Mulyadi Santosa [mulyadi.santosa at gmail.com]
Hi...
> Hi I'm on a P4 running an smp kernel ie. > > uname -a : > > Linux jims-laptop 2.6.20-16-386 #2 Sun Sep 23 19:47:10 UTC 2007 i686 > GNU/Linux > > For some reason occasionaly one of my cpu's runs away and starts showing > 100% cpu usage, however top only shows the program using the most cpu at > 7% or less.
Looking at /proc/cpuinfo, sounds like you have P4 with hyperthread enabled, true? If so, this 7% max of CPU usage, is it only on one core or cumulative load over all cores?
> Where is that 93% going? This is driving me crazy. I have to > reboot the machine to get it back to normal. I've tried Fedora and > Kubuntu. Though Kubuntu appeared more stable it still happened. Played > around with changing max_cstate without success.I've just downgraded to > a 386 kernel to see if that helps. This isn't a real solution however. > Do you have any suggestions? I've asked around on forums and irc > channels without luck. Thanks. >My simple suggestion right now: please download latest stable kernel from kernel.org and compile by yourself. There is a chance you hit a (unknown?) kernel scheduler bug. Or it could be a power management problem (is it a mobile processor?).
Since I am not really knowledgeable in this field, try to fiddle with options during kernel configuration such as ACPI, APM, APIC support and so on.
let's see if that will cure your problem.
regards,
Mulyadi
Ben Okopnik [ben at linuxgazette.net]
On Mon, Oct 08, 2007 at 02:21:21PM -0400, jim ruxton wrote:
> Hi I'm on a P4 running an smp kernel ie. > > uname -a : > > Linux jims-laptop 2.6.20-16-386 #2 Sun Sep 23 19:47:10 UTC 2007 i686 > GNU/Linux > > For some reason occasionaly one of my cpu's runs away and starts showing > 100% cpu usage, however top only shows the program using the most cpu at > 7% or less. Where is that 93% going? This is driving me crazy. I have to > reboot the machine to get it back to normal. I've tried Fedora and > Kubuntu. Though Kubuntu appeared more stable it still happened. Played > around with changing max_cstate without success.I've just downgraded to > a 386 kernel to see if that helps. This isn't a real solution however. > Do you have any suggestions? I've asked around on forums and irc > channels without luck. Thanks.
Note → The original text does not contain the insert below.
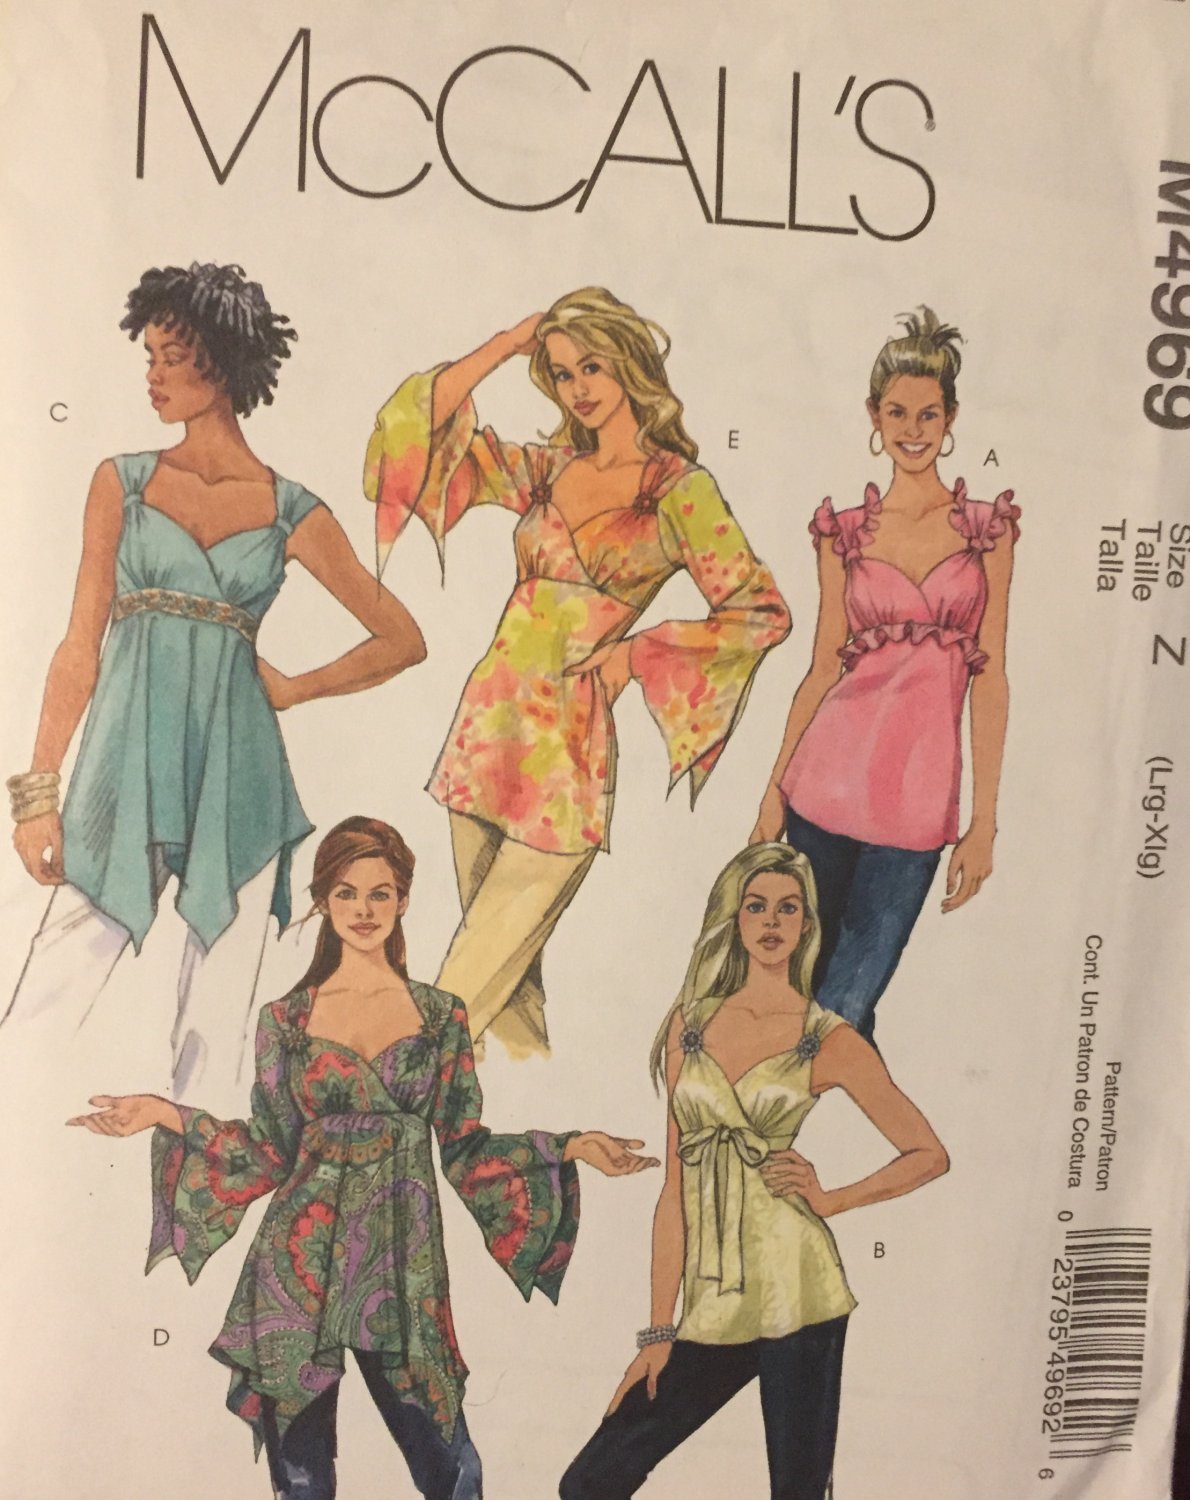 McCall's 4969 Women's sewing pattern: Handkerchief Top in two lengths ...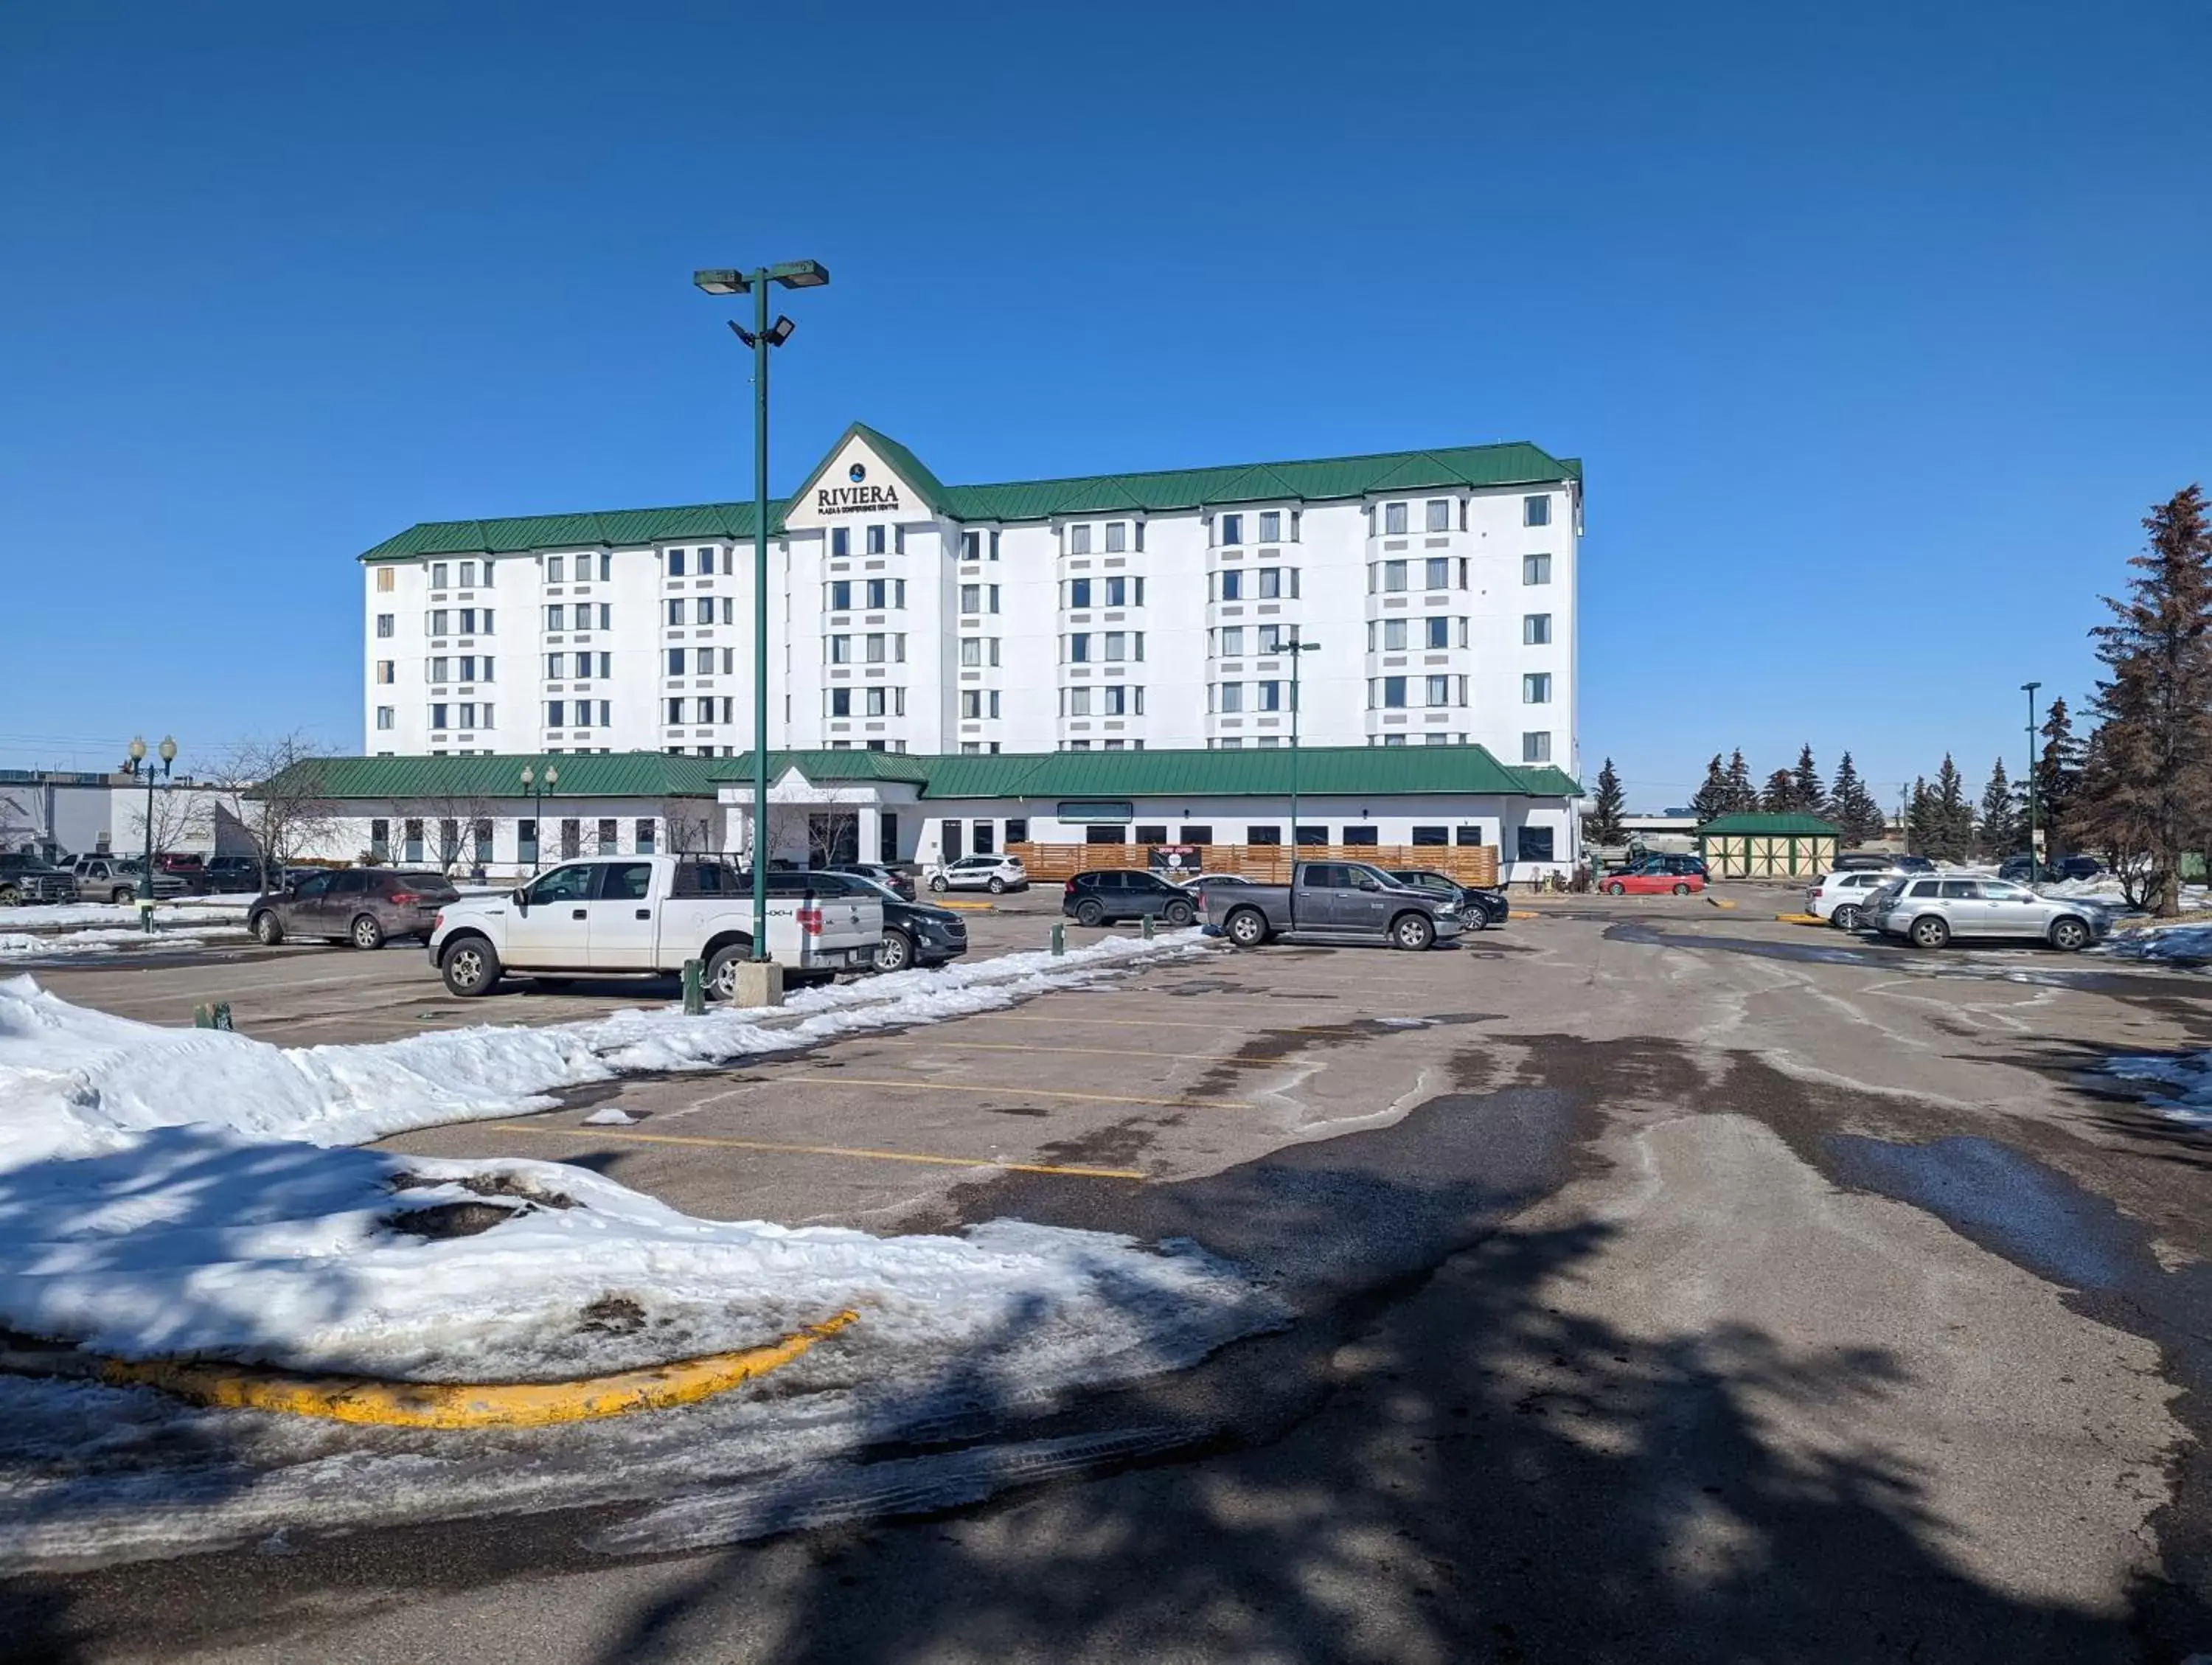 Property Building in DIVYA SUTRA Riviera Plaza and Conference Centre Calgary Airport

One of the things that might be worth trying is reducing everything to a minimum and seeing if it still happens. That is, try booting into single mode and shutting down any non-critical processes, then just letting the system "cook" for a little while. If it happens again, you've most likely narrowed it down to either a) the kernel or b) the hardware. For troubleshooting the former, check out the kernel compilation options (I seem to recall a developer/debugging option accessible via 'make config'.) For the latter, try a hairdryer aimed at the offending CPU.
-- * Ben Okopnik * Editor-in-Chief, Linux Gazette * http://LinuxGazette.NET *
Thomas Adam [thomas.adam22 at gmail.com]
On 08/10/2007, Ben Okopnik <ben at linuxgazette.net> wrote:
> One of the things that might be worth trying is reducing everything to a > minimum and seeing if it still happens. That is, try booting into single > mode and shutting down any non-critical processes, then just letting the > system "cook" for a little while. If it happens again, you've most > likely narrowed it down to either a) the kernel or b) the hardware. For > troubleshooting the former, check out the kernel compilation options (I > seem to recall a developer/debugging option accessible via 'make > config'.) For the latter, try a hairdryer aimed at the offending CPU.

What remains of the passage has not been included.